Ao mesmo tempo, segundo ele, a dinâmica também gera empoderamento para o próprio departamento de gestão de pessoas. “Não podemos falar só com o colaborador. Temos que lembrar ao RH o que ele tem em mãos”.
“Muitas das vezes, o RH é uma área de custo, focada em gerar eficiência ou cuidar de processos muito burocráticos dentro de uma empresa. Mas ele pode ser muito mais do que isso.”
O head destaca que, ao reduzir o tempo gasto com dinâmicas operacionais ou burocráticas, o BTG está dando ao RH “a capacidade de desenvolver novas frentes de trabalho, e até melhorar a relação que ele tem dentro da cultura da empresa”.
Porém, Escabin reconhece que o conceito relacional se destaca. “A forma como queremos chegar não é só dizendo que o cliente vai gastar menos com o produto, mas lembrar a ele que vamos cuidar do seu colaborador. O ‘cuidar’ é o que mais temos tentado levar para a dinâmica de relacionamento.”
Tecnologia e humanização se unem como diferenciais do BTG
Além de oferecer um ecossistema completo na jornada financeira, quais outros diferenciais o banco traz em relação aos concorrentes no mundo de RH?
- Tecnologia e eficiência
Escabin menciona conversar com empresas que se mostram fidelizadas a marcas específicas de serviços para RH, e que questionam por que deveriam migrar para o BTG. A elas, indaga: quanto o seu processo atual custa?
“Os investimentos que fizemos em tecnologia nos colocam muito à frente da concorrência, em todos os produtos que trazemos. Tem muita gente no mercado que vende tecnologia, mas não entrega. Quanto custa emitir um faturamento, um pagamento de boleto, e ter um cuidado com isso de maneira segregada? Eu imagino que isso custe tempo, risco operacional e, bem ou mal, custa dinheiro. Então, tentamos colocar uma proposta de eficiência para todos os envolvidos.”
- Atendimento humanizado
Apesar do alto investimento em tecnologia – e sua relevância para o negócio –, Escabin faz questão de frisar o atendimento humanizado do banco aos clientes, em tempos de inteligência artificial.

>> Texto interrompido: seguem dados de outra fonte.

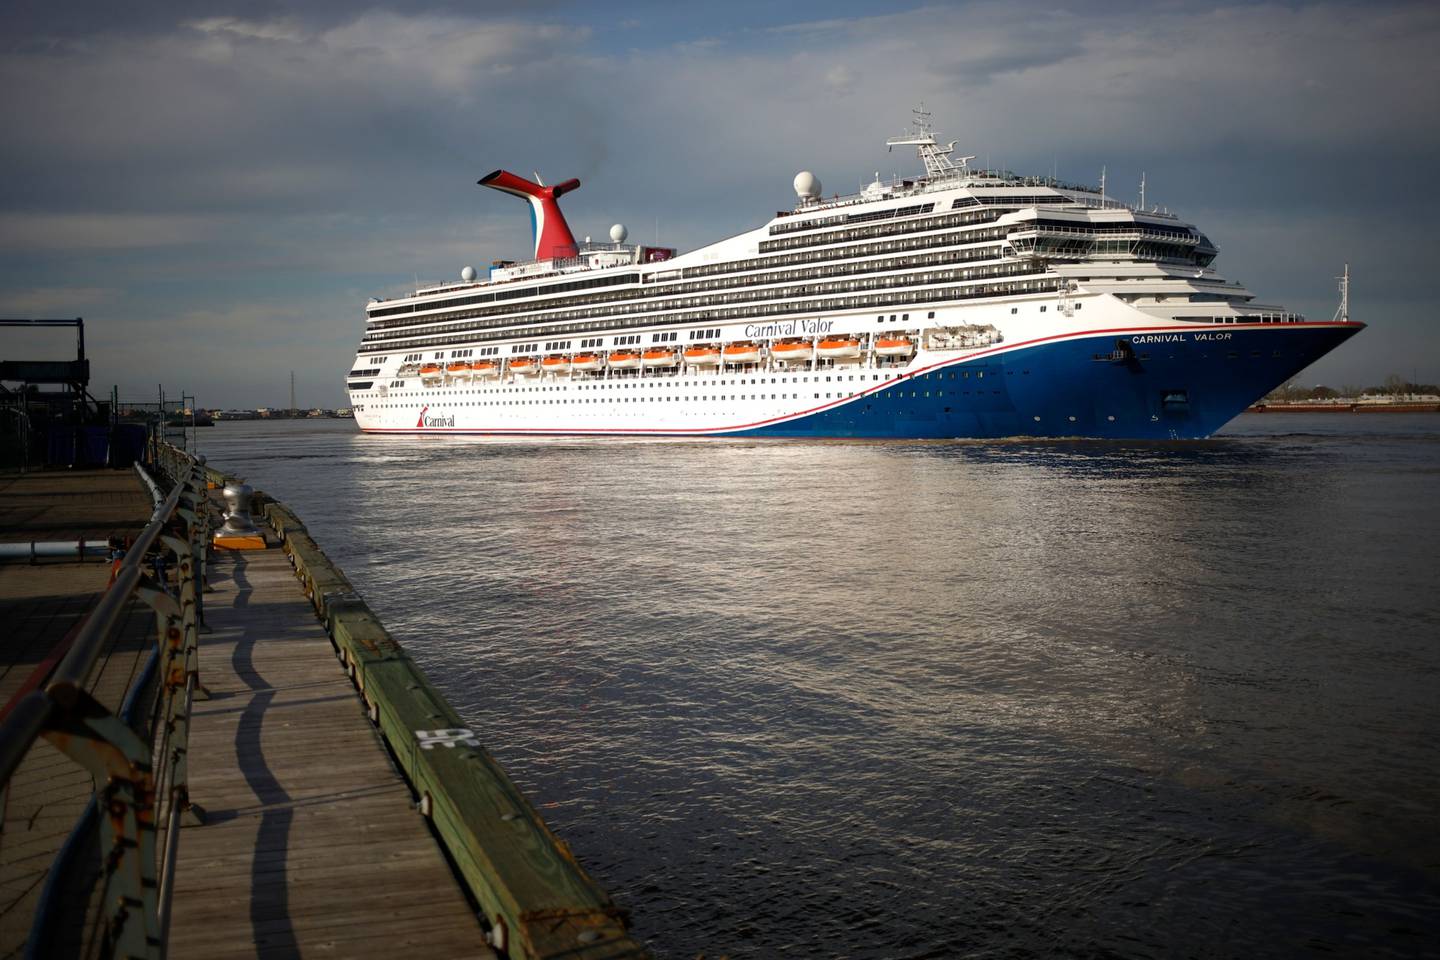 The Carnival Valor cruise ship sets sail from the Port of New Orleans in New Orleans, Louisiana.

“O BTG é uma marca que se relaciona com pessoas. Sempre que um cliente ou colaborador entra em contato com o banco, ele vai falar com um ser humano. Não vai falar com um chatbot ou uma IA: sempre vai falar com uma pessoa. E isso nos diferencia no mercado. Conseguimos mostrar para uma empresa que teremos o cuidado e o carinho de tratar aquele problema ou ajudar aquele colaborador.”
‘Sobriedade’ da marca BTG Pactual contribui para o fomento das iniciativas
Mesmo sendo uma frente diferente das que tornaram o BTG Pactual conhecido no mercado, o banco optou por não diferenciá-la através de uma submarca.
Desta forma, o nome do maior Banco de Investimentos da América Latina, que já possui um peso próprio, contribua para a identificação dos clientes em potencial.
“A sobriedade da nossa marca, o cuidado no nosso atendimento e a nossa forma de resolver problemas ou atender os nossos clientes, estão, acima de tudo, preservados”, conclui.